Every phase of the Fall offers something indelible. There’s the scratchweed ambition of the early years, the lumbering double-drummer phase (my favorite, must I choose). There was Brix Smith’s time with the band, which provided occasional cheer (second favorite), and invigorated forays into near-trance and Italian house.
Always quite a sound. The 7-inch with “The Man Whose Head Expanded” — released in 1983 — was the first record I heard, two years after its release, at a friend’s Missoula apartment. Steve Hanley’s insistent and juxtapositional bass playing worked its way into my musical life. Never left. But it was Mark E. Smith’s onslaught of spat words that made the whole thing — from 1976 to 2018 — the Fall. At first whack, the lyrics were sometimes inscrutable, but, once unrolled, unerringly engaging and stuffed with meaning.

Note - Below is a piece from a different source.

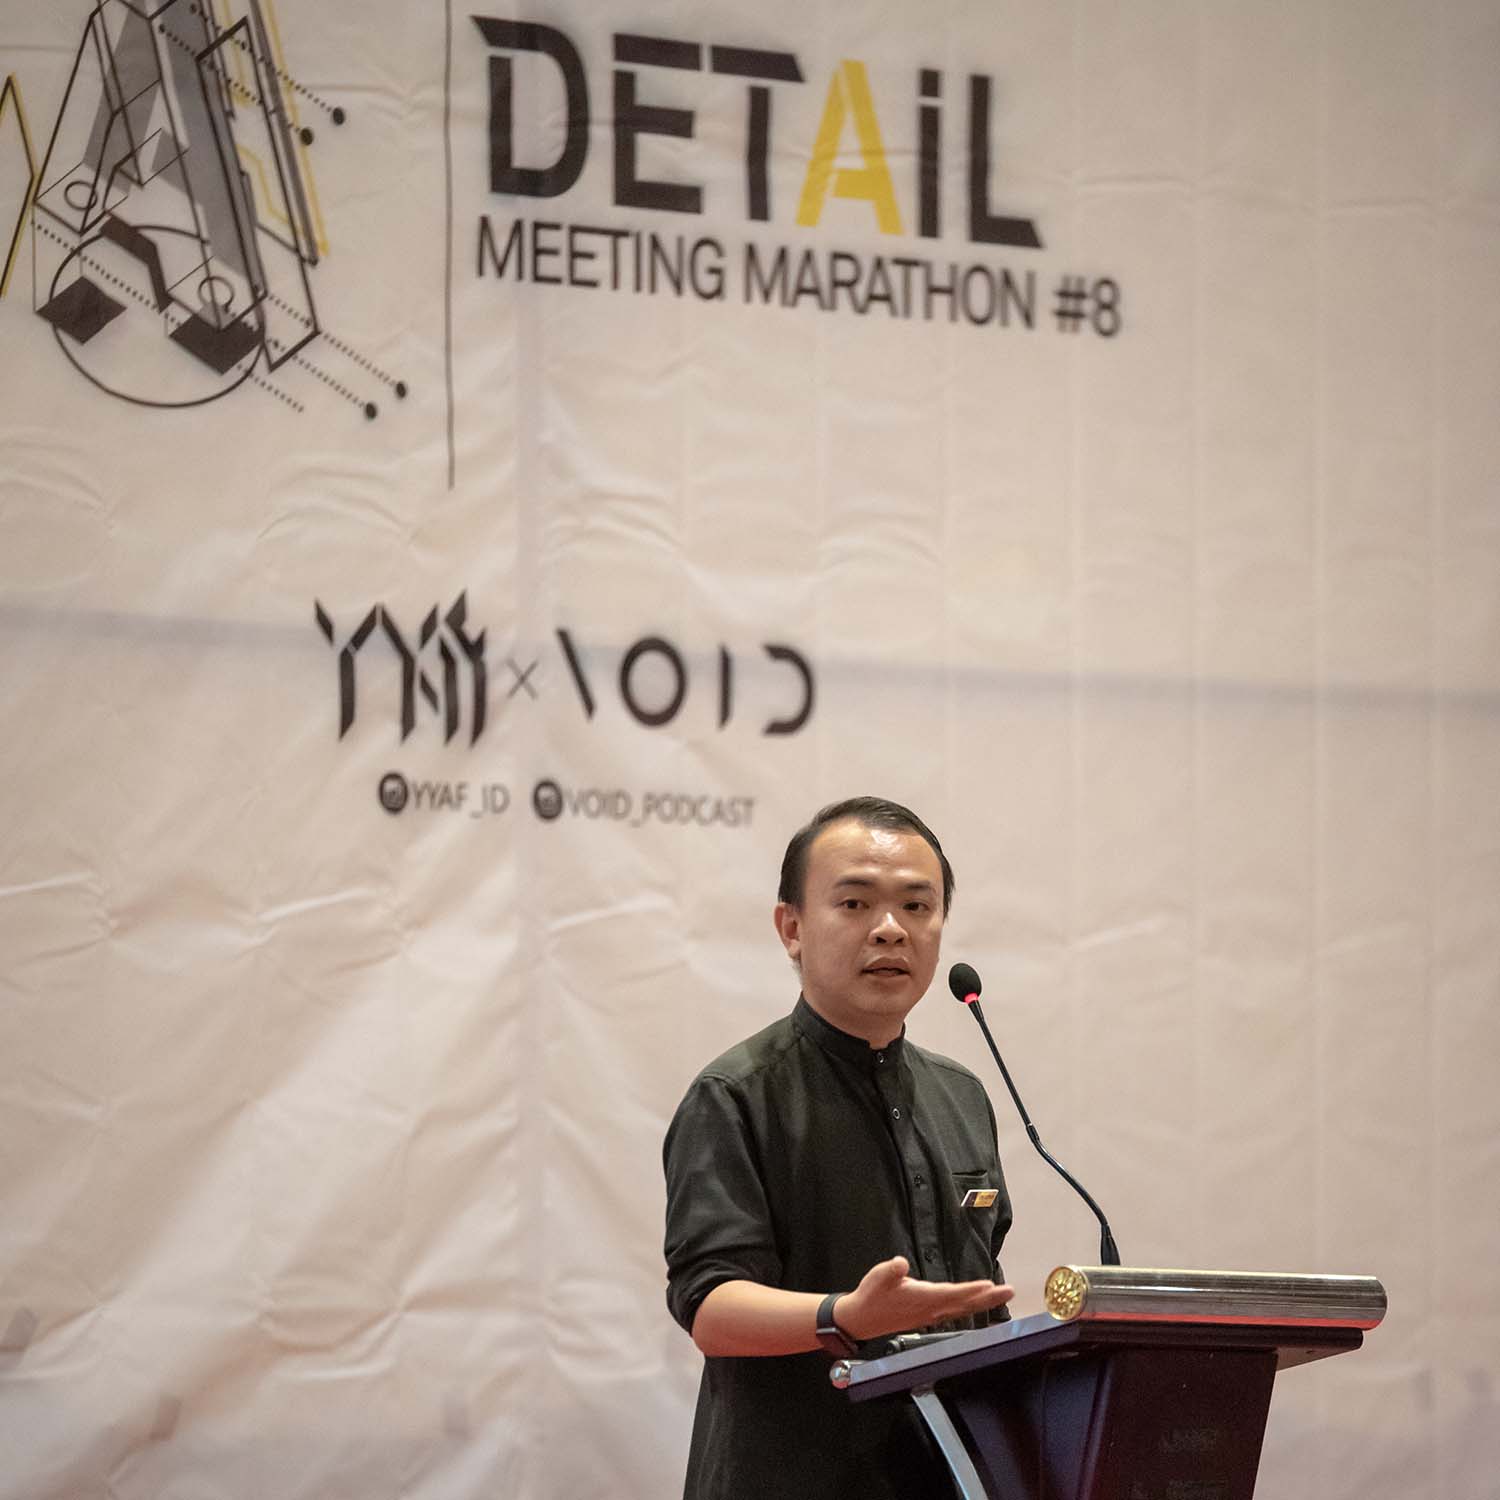 YYAF Meeting Marathon #8 Mengetengahkan Detail Arsitektur dan Proses Desain

The Palace of Swords Reversed compilation was the first of my 23 Fall LPs, bought at Rockin Rudy’s on the occasion of its 1987 release. “How I Wrote Elastic Man” is a prescient lament of the underappreciated artist by a young Smith, who may have intuited he’d end up the same: “The only thing real is waking and rubbing your eyes.”
“L.A.,” from 1985’s This Nation’s Saving Grace (also purchased in 1987 at Rudy’s) was an ideal critique and ode: “Bushes are in disagreement with the heat … They have filled boulevards with white snow, scum-ball.”
There are literally a hundred other tracks we could work over this way.

The Fall formed in 1976 and released dozens of albums between then and last year. Frontman Mark E. Smith died Jan. 24, 2018.
I talked to Smith exactly one time, for a scheduled interview for Seattle’s now-defunct The Rocket, while I was on tour with my band Silkworm. I shifted around nervously, calling from someone else’s kitchen, phone on a short cord. It seemed best to come at the material (Middle Class Revolt, 1994) sideways. So, “Do you watch much television?” was Question No. 1. Well-received. All went swimmingly. I knew from Smith’s reputation that it didn’t always go this way.
Later in life, Smith spent a lot (all?) of his time onstage (and offstage?) impaired to some extent. He replaced long-time allies as they sloughed off. He managed to recruit fellow travelers who marshaled an attack, moving forward. There’s a lot one could say about him as an accused abuser and, at very least, a prick. Rightly or wrongly, it’s not his full legacy, any more than it is James Brown’s. His output won’t forgive all sins, but will elide a few. And when it comes to “art,” if it’s monumental enough, it can be a force, apart from the world.
That was the Fall. You were either on the ride or not. Did you get any on you? If not, congratulations may be in order. Perhaps close contact was best avoided. But you might feel lucky, as I do, just to have run alongside it. Requiescat.